Defendants separately move to strike the damages mentioned in paragraphs 2, 86, 100, 114, and 126, arguing Plaintiff waived the right to recover such damages under a contractual provision stating:

 

IN NO EVENT SHALL ANY PARTY BE LIABLE FOR ANY INDIRECT, INCIDENTAL, SPECIAL OR CONSEQUENTIAL DAMAGES, INCLUDING WITHOUT LIMITATION DAMAGES FOR LOSS OF PROFITS, DATA OR USE, INCURRED BY ANY PARTY OR ANY THIRD PARTY, WHETHER IN AN ACTION IN CONTRACT OR TORT…

 

(Ex. A to FAC at § 13.) Paragraphs 2, 86, 100, and 114 concern damages sought in connection with Plaintiff’s first, second, and third causes of action.
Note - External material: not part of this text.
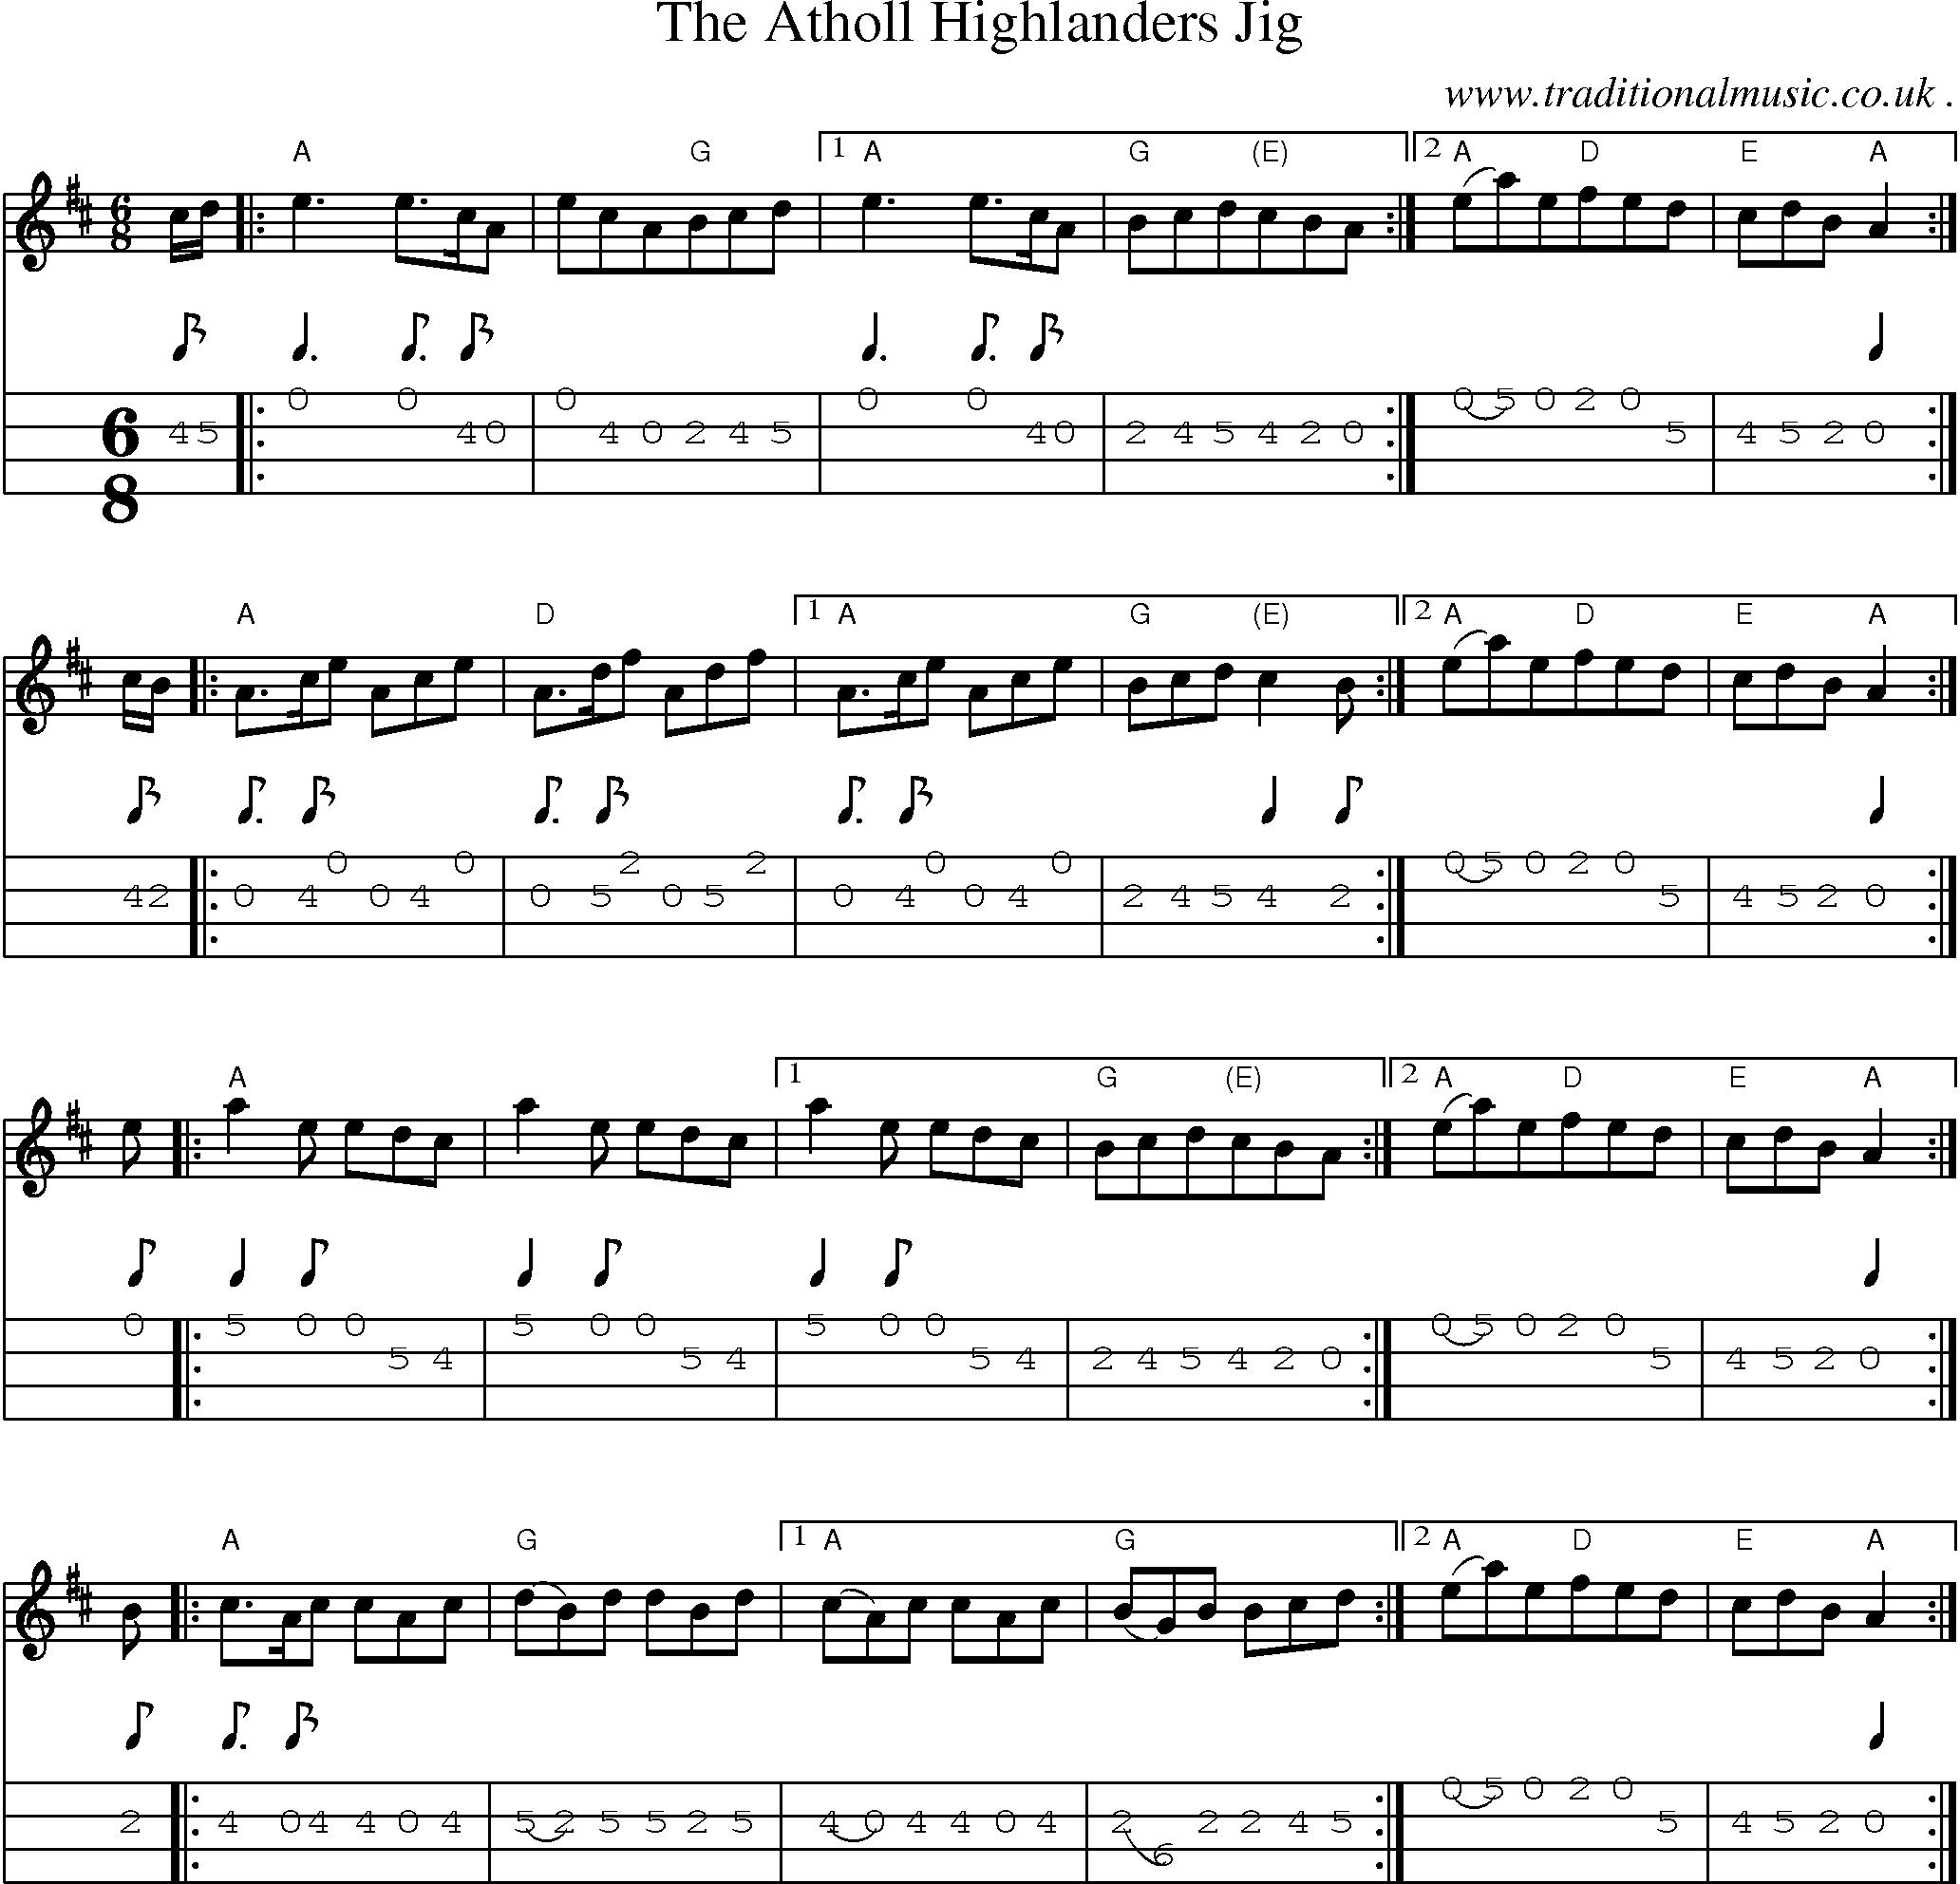 Sheet-Music and Mandolin Tabs for The Atholl Highlanders Jig

As the Court has sustained Defendants’ demurrer to these causes of action with leave to amend to clarify the distinction between the damages sought in connection with those causes of action and Plaintiff’s separate cause of action for breach of contract, Defendants’ motion to strike these paragraphs is DENIED as moot.

 

Paragraph 126 asserts two categories of damages in connection with Plaintiff’s claim for breach of contract: (1) additional freight charges, and (2) the costs of lost product. (FAC at ¶126.) Defendants acknowledge the contract permits Plaintiff to recover “the cost to repair or replace the Goods actually lost, damaged or destroyed.” (Motion at 7 [quoting Ex. A to FAC].) Plaintiff can thus properly seek to recover for lost product as claimed in paragraph 126. Plaintiff argues it should be permitted to recover additional freight charges because section 5.1 of the Terms and Conditions permits indemnity for additional freight charges. However, as Defendants correctly point out, section 5.1 by its own terms does “not apply to any claims against CaseStack arising from or related to loss, damage, destruction or delay of or to Goods.” (Ex. A to FAC.) Thus, the indemnity provision of section 5.1 does not extend to Plaintiff’s claims against Defendants for additional freight charges incurred in connection with the delay of Plaintiff’s goods. Such additional freight charges would consist incidental or consequential damages stemming from such delay and are thus barred by section 13 of the Terms and Conditions. Accordingly, the Court GRANTS Defendants’ motion to strike paragraph 126, but only as to the recovery of additional freight charges.

 

Defendants also move to strike Plaintiff’s claim for punitive damages. Plaintiff’s claims for punitive damages arise from the alleged fraudulent conduct which forms the basis of Plaintiff’s first and second causes of action. As the Court has sustained Defendants’ demurrer to those causes of action with leave to amend, Defendant’s motion to strike Plaintiff’s claims for punitive damages is DENIED as moot.

 

Conclusion

Defendants’ demurrer to the first, second, third, and fourth causes of action is SUSTAINED with 30 days’ leave to amend. Defendants’ motion to strike is GRANTED as to Plaintiff’s claim for recovery of additional freight charges in connection with Plaintiff’s claim for breach of contract and is otherwise DENIED.